Nowadays, companies try to optimize their profitability through the efficient and economical use of resources and labor, for do it they need financial road maps to show how they will allocate their resources in order to achieve their business objectives. In other words, companies need to establish a budget. A budget is a description of a financial plan; it describes a period in the future not in the past. The long term planning involves setting objectives and defining and selecting strategies which will enable a business to achieve those objectives.
Budgeting is a very important part of this process and can be defined as stating formally, in quantitative terms, what the business plans to achieve in the immediate future (S.Kenp and E. Dumbar; 2003). Budgeting has two primary functions: planning and control.
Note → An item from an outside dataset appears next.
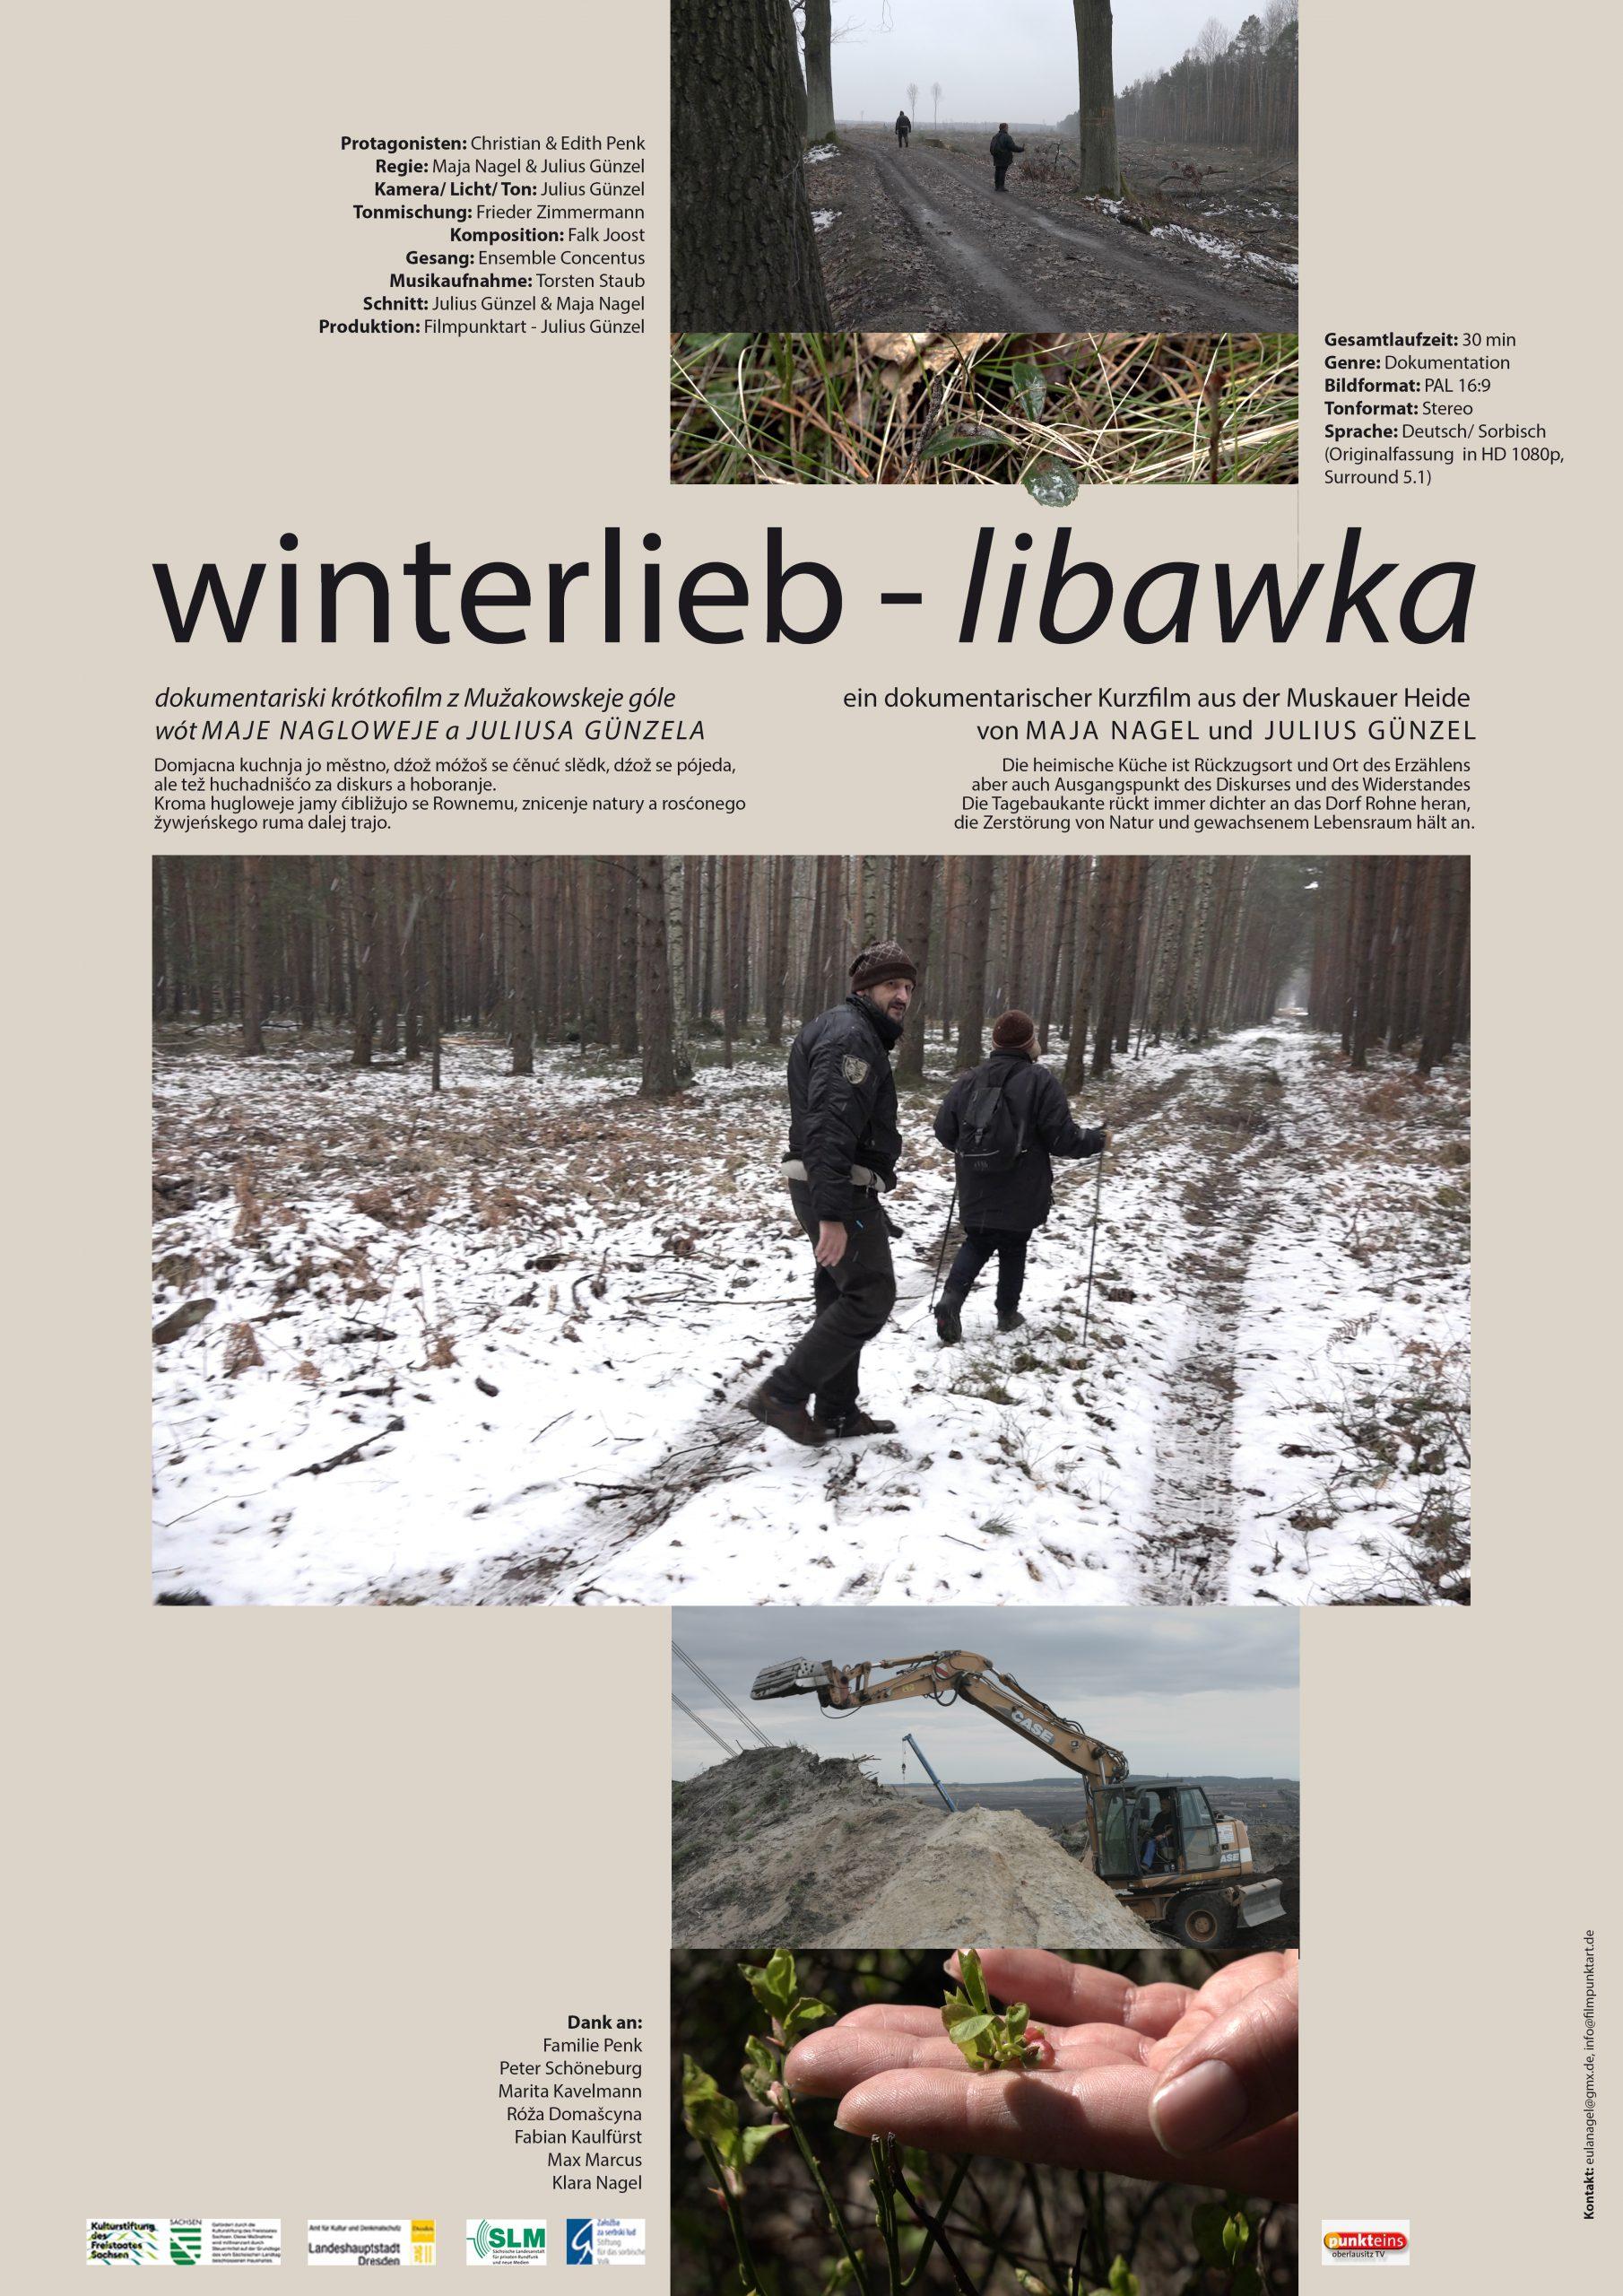 winterlieb – libawka

Using budgets as a control mechanism represent benefits for the company. Indeed, to start the budgetary control aims to maximize the profit of the company (R.Banham; 2000). In order to achieve this goal, it is necessary to undertake a co-ordination of different functions and a good planning. If there is a proper control over different revenue and capital expenditures; the resources will be put to the best possible use.
Moreover, the budgeting control improves the co-ordination within the company (A. Wildavsky; 2003). In fact, the working of the various departments and sectors is well co-ordinate and the budgets of different departments have a bearing on one another. So, the co-ordination of various executives as well as subordinates is necessary for achieving budgeted targets. Thanks to the budget control all efforts are put jointly to achieve the common objective of the organization.